The code inside of the hmpp region is computed on the GPU. The region begins with the #pragma hmpp region directive and is enclosed in curly brackets. Memory is copied from the CPU to the GPU at the start of the region and back from the GPU to the CPU at the end of the region.

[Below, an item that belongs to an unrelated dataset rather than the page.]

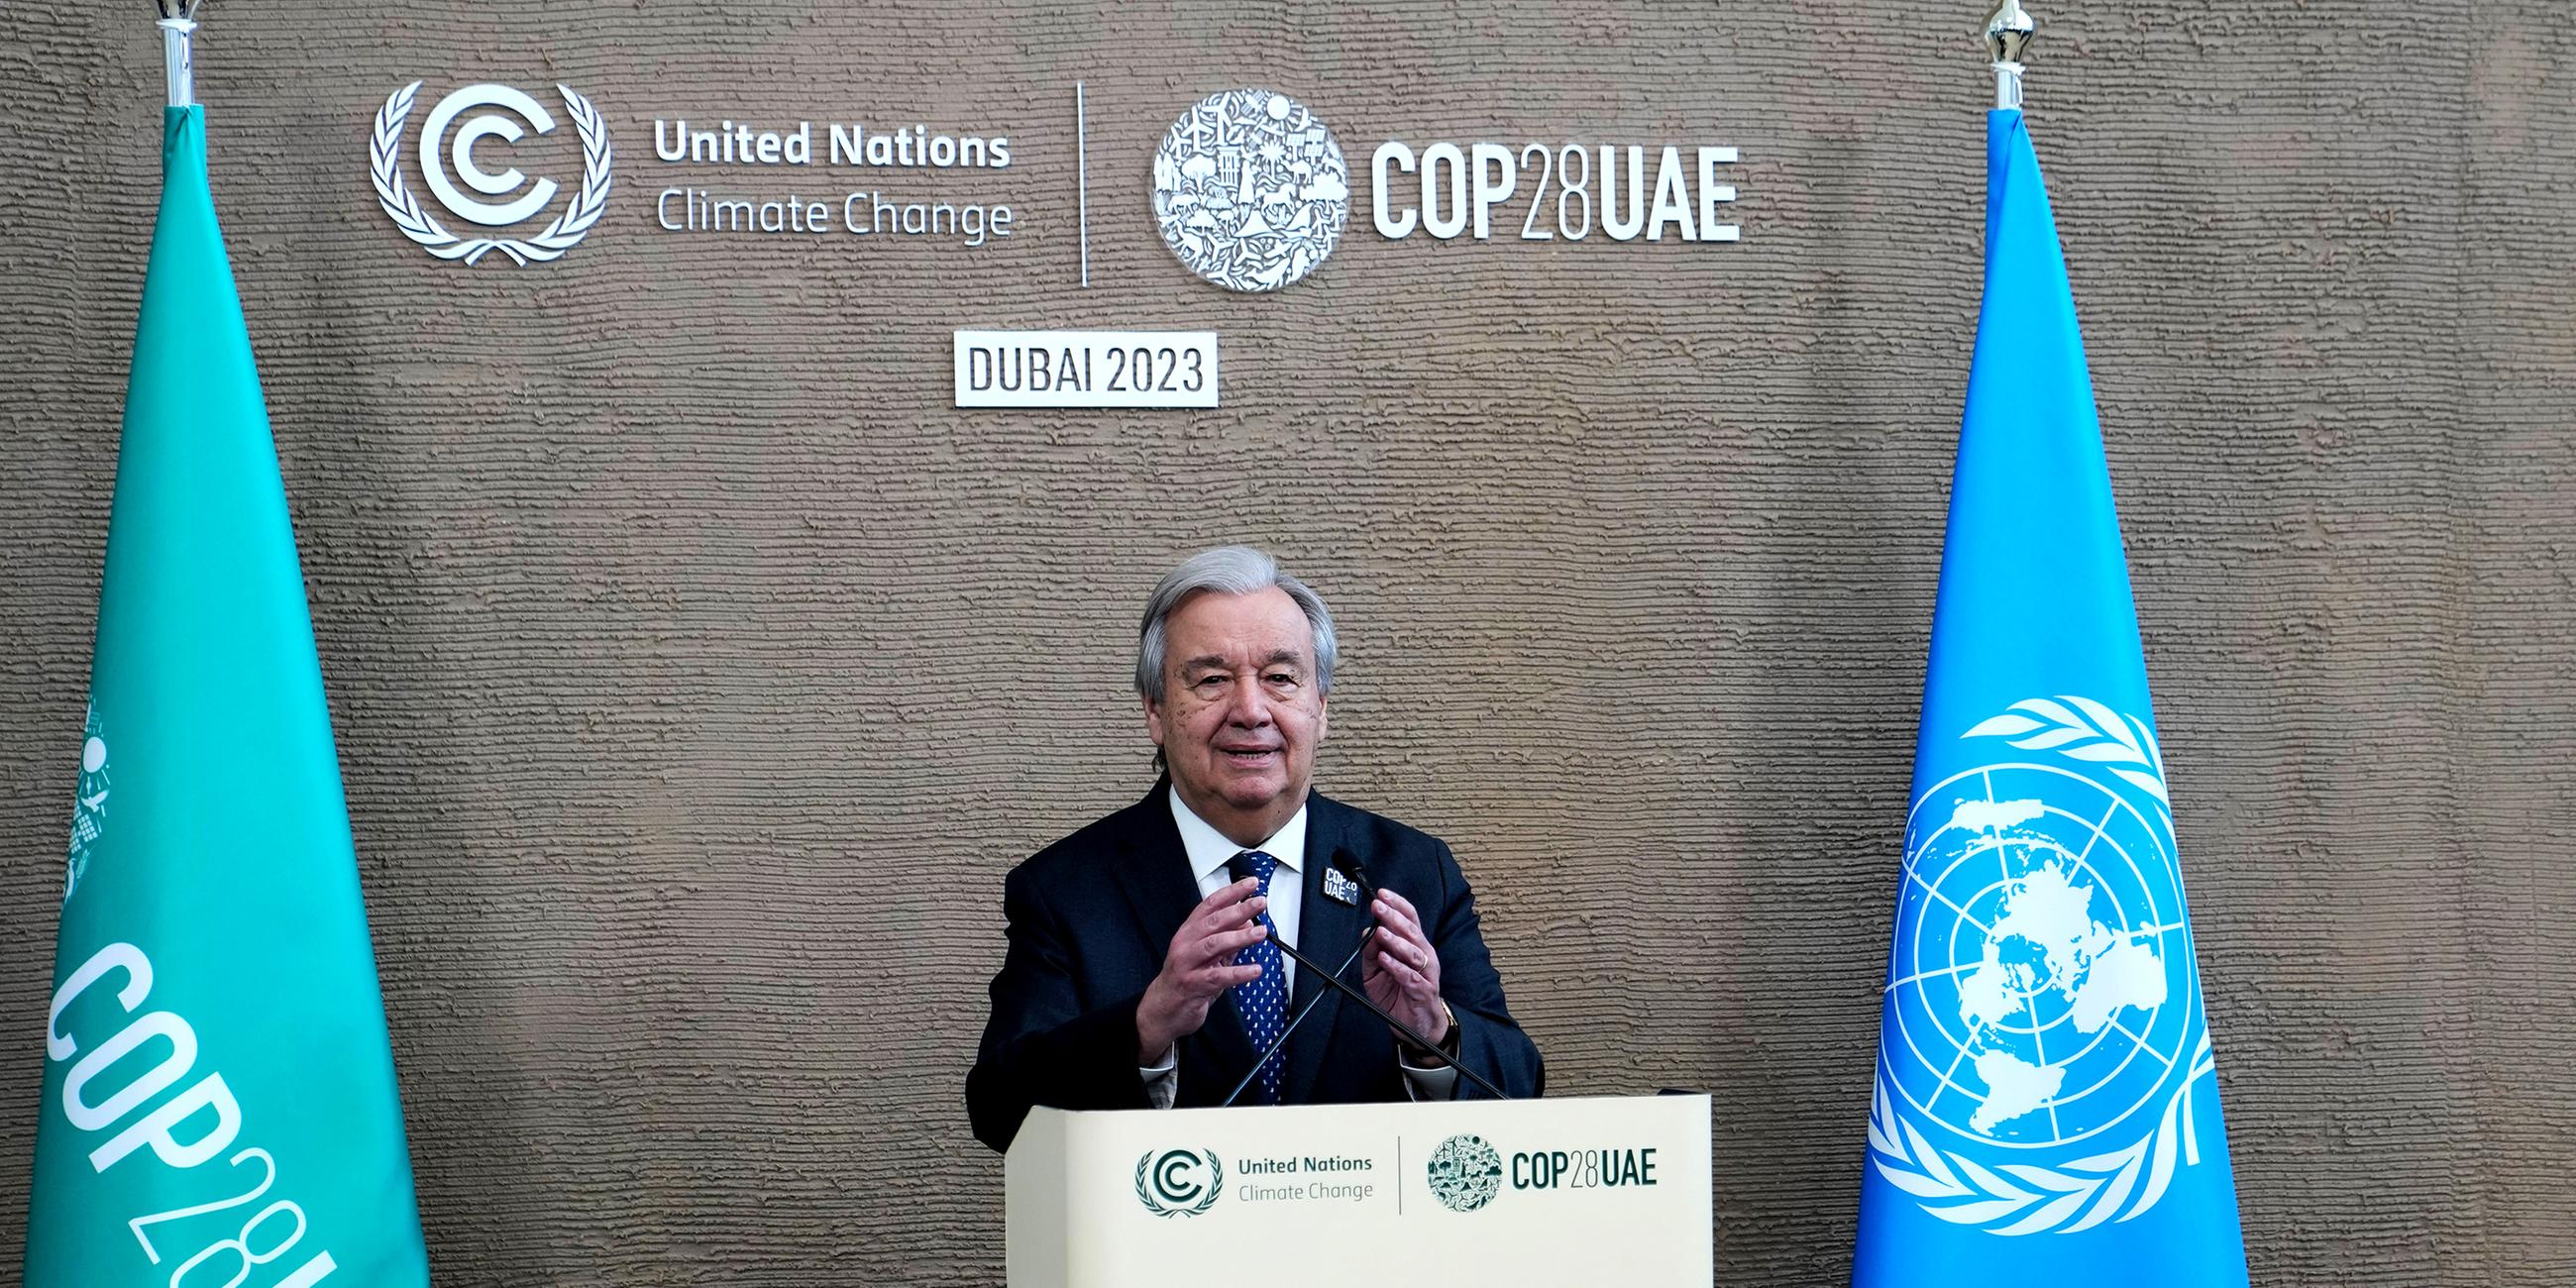 Antonio Guterres, UN-Generalsekretär, bei einer Pressekonferenz während der UN-Weltklimakonferenz

```\$ hmpp --io-report cc vecAdd-region.c -o vecAdd.out
```

Output:
The compiler will output the following:

```In GROUP 'vecadd'
Parameter  'n' has intent IN
Parameter  'a' has intent IN
Parameter  'b' has intent IN
Parameter  'c' has intent INOUT
```

We see that n, a, b, and c will be copied into the GPU while c will be copied out. This will produce the correct output although the GPU is doing the extra work of copying over the content of c to the GPU when it is unnecessary. Memory management will be looked at further in the Game of Life tutorial.

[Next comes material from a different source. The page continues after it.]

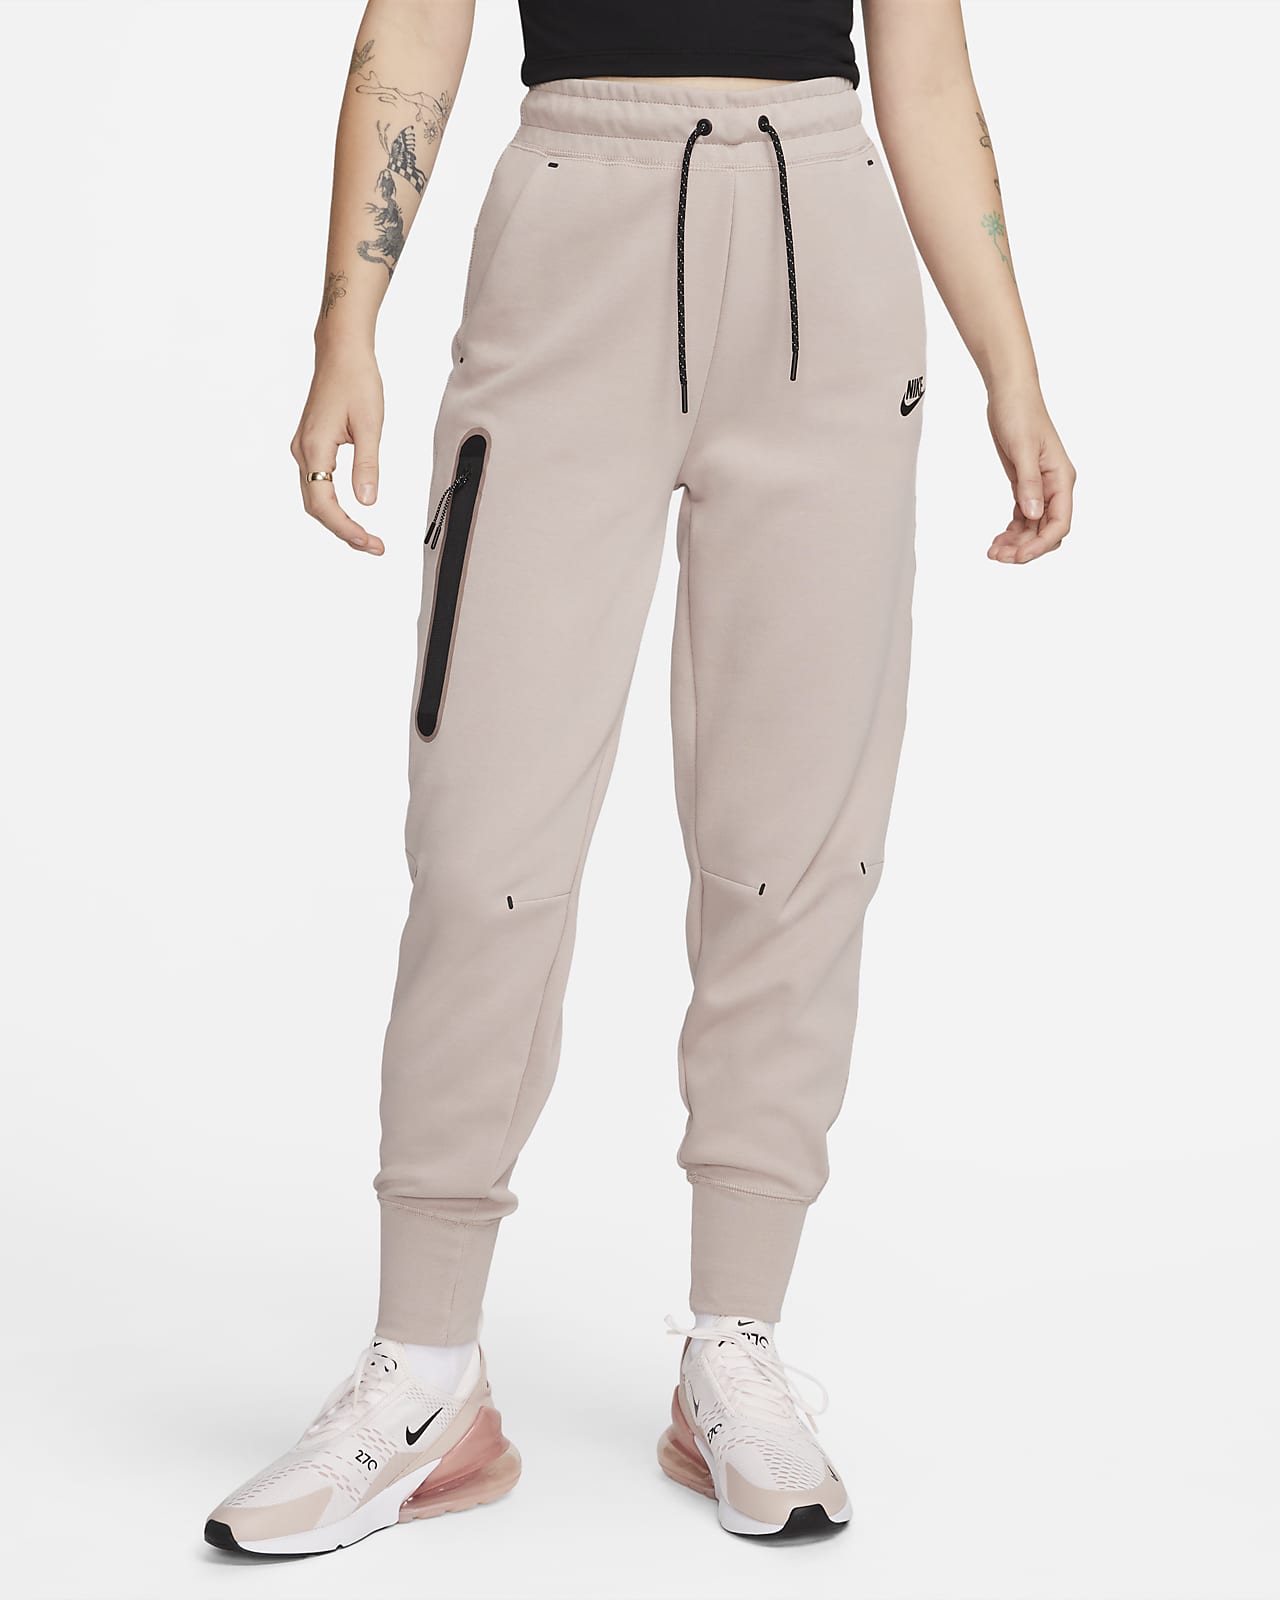 Pantalones mujer Nike Sportswear Tech Fleece. Nike.com

```hmpp: [Info] Generated codelet filename is "vecadd_cuda.cu".
hmppcg: [Message DPL3000] vecAdd-region.c:37: Loop 'j' was gridified (1D)
```

The compiler tells us that it has created the CUDA file vecadd_cuda.cu for the region. The second line tells us that the loop starting on line 37 with induction variable ‘j’ will be parallelized on the GPU and that the kernel will launch with a 1 dimensional grid of thread blocks.

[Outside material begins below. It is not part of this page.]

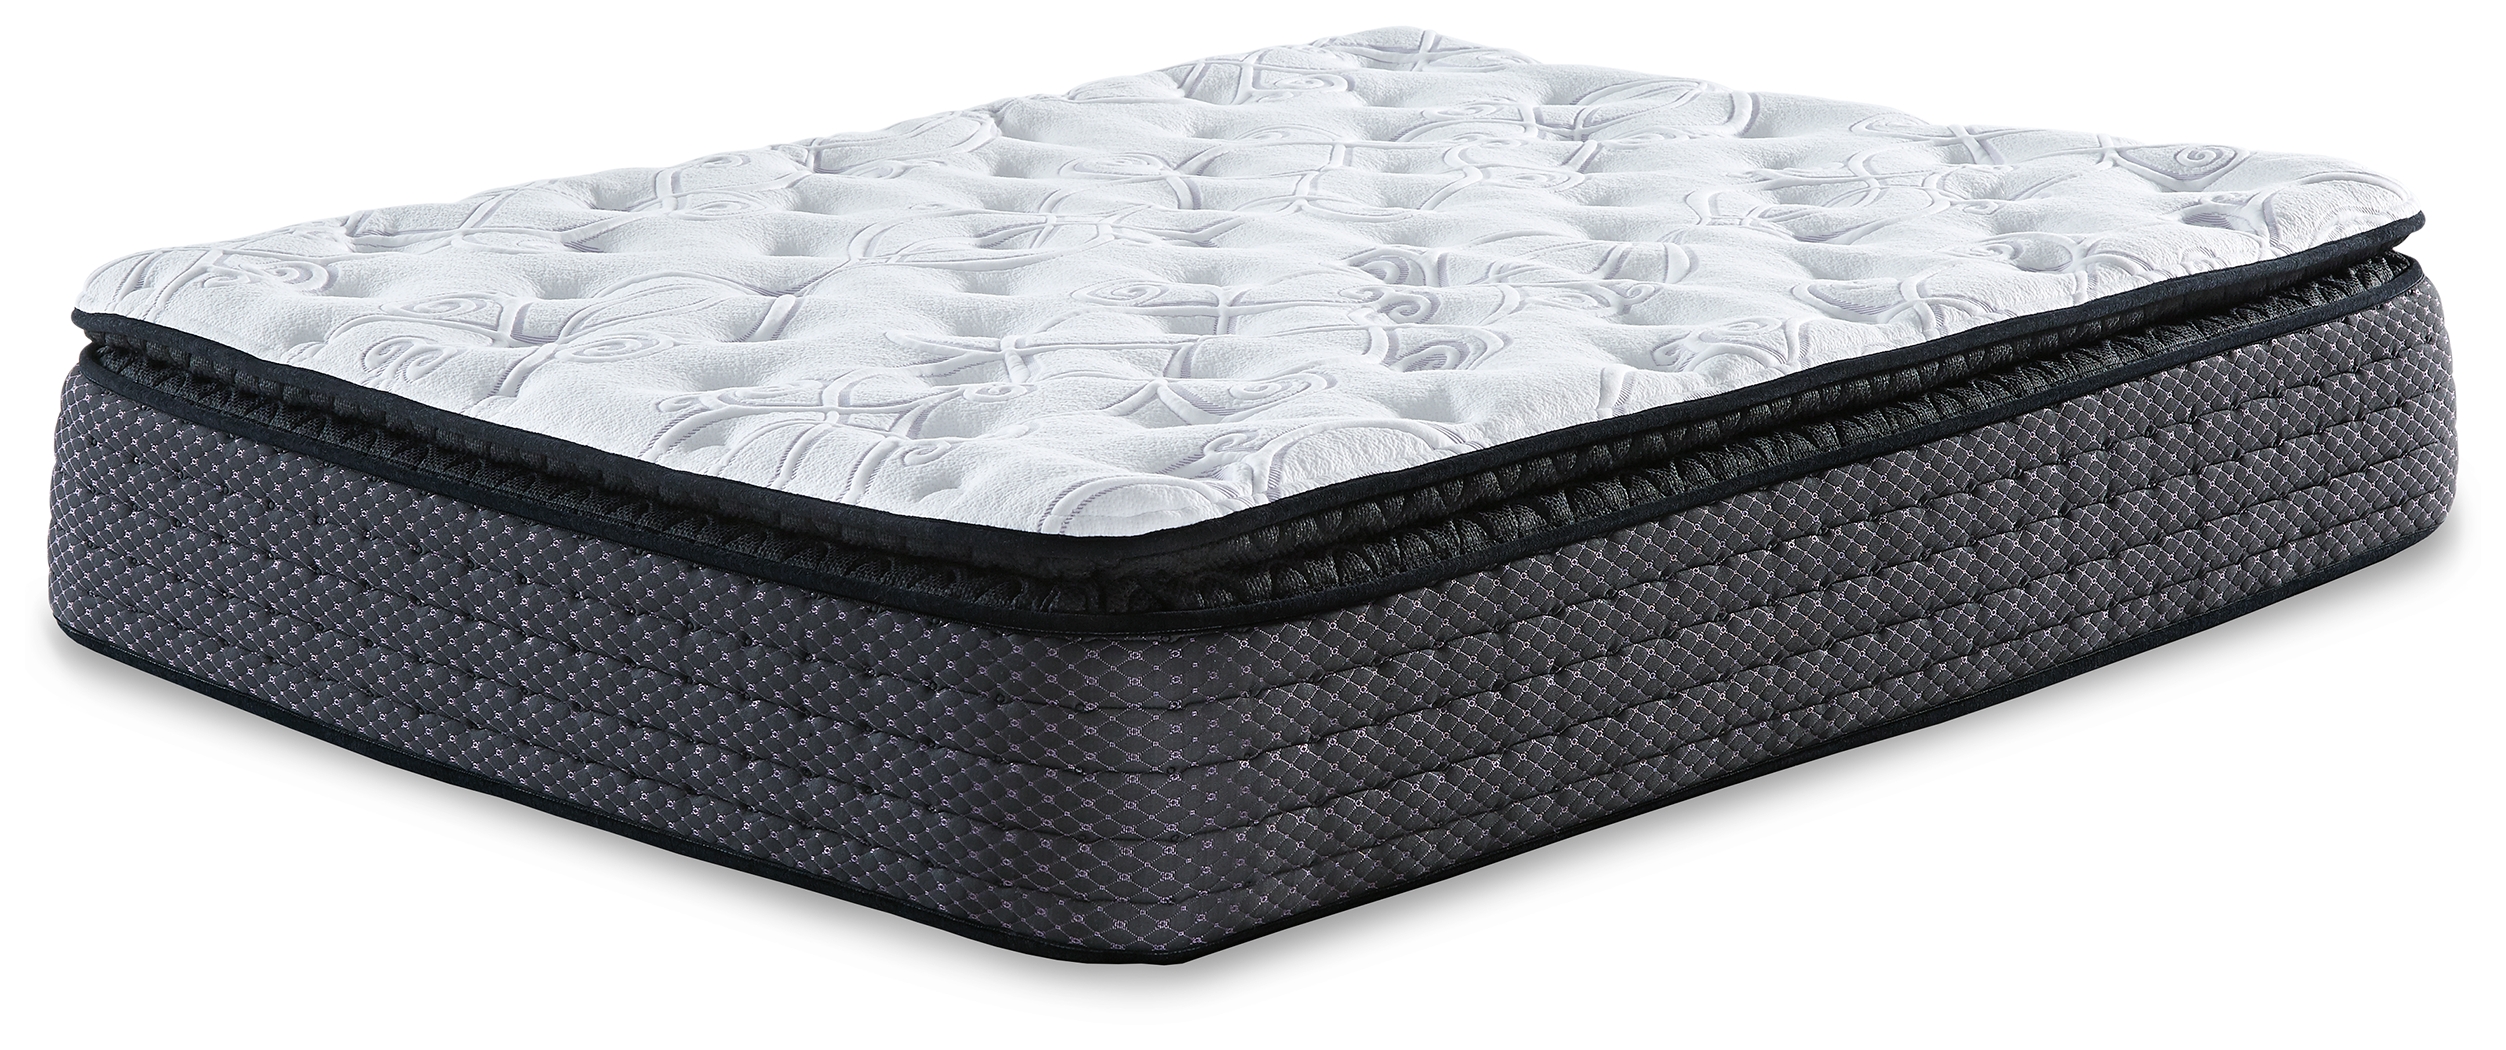 mattress sale queen firm intercoil pillowtop

Modifications from CPU code in bold

```program main

! Size of vectors
integer :: n = 100000

! Input vectors
real(8),dimension(:),allocatable :: a
real(8),dimension(:),allocatable :: b
!Output vector
real(8),dimension(:),allocatable :: c

integer :: i
real(8) :: sum

! Allocate memory for each vector
allocate(a(n))
allocate(b(n))
allocate(c(n))

! Initialize content of input vectors, vector a[i] = sin(i)^2 vector b[i] = cos(i)^2
do i=1,n
a(i) = sin(i*1D0)*sin(i*1D0)
b(i) = cos(i*1D0)*cos(i*1D0)
enddo

! Sum component wise and save result into vector c

do i=1,n
c(i) = a(i) + b(i)
enddo

! Sum up vector c and print result divided by n, this should equal 1 within error
do i=1,n
sum = sum +  c(i)
enddo
sum = sum/n
print *, 'final result: ', sum

! Release memory
deallocate(a)
deallocate(b)
deallocate(c)

end program
```

```!\$hmpp vecAdd region, target=CUDA,  args[*].transfer=atcall
do i=1,n
c(i) = a(i) + b(i)
enddo
```

The code inside of the hmpp region is computed on the GPU. The region begins with the !\$hmpp region directive and ends with the !\$hmpp endregion directive. Memory is copied from the CPU to the GPU at the start of the region and back from the GPU to the CPU at the end of the region.

```\$ hmpp --io-report ftn vecAdd.f90 -o vecAdd.out
```

Output
The compiler will output the following:

```In GROUP 'vecadd'
Parameter  'n' has intent IN
Parameter  'n_1' has intent IN
Parameter  'n_2' has intent IN
Parameter  'a' has intent IN
Parameter  'n_4' has intent IN
Parameter  'n_5' has intent IN
Parameter  'b' has intent IN
Parameter  'n_7' has intent IN
Parameter  'n_8' has intent IN
Parameter  'c' has intent INOUT
Parameter  'i' has intent INOUT
```

The current HMPP compiler doesn’t do too well with the Fortran version, copying in several variables that are not used. For now we will need to ignore these erroneous variable copies and their associated warning messages. We do see that n, a, b, and c will be copied into the GPU while c will be copied out. This will produce the correct output although the GPU is doing the extra work of copying over the content of c to the GPU when it is unnecessary. Memory management will be looked at further in the Game of Life tutorial.

```hmpp: [Info] Generated codelet filename is "vecadd_cuda.cu".
hmppcg: [Message DPL3000] vecAdd-region.f90:29: Loop 'i' was gridified (1D)
```

The compiler tells us that it has created the CUDA file vecadd_cuda.cu for the region. The second line tells us that the loop starting on line 29 with induction variable ‘i’ will be parallelized on the GPU and that the kernel will launch with a 1 dimensional grid of thread blocks.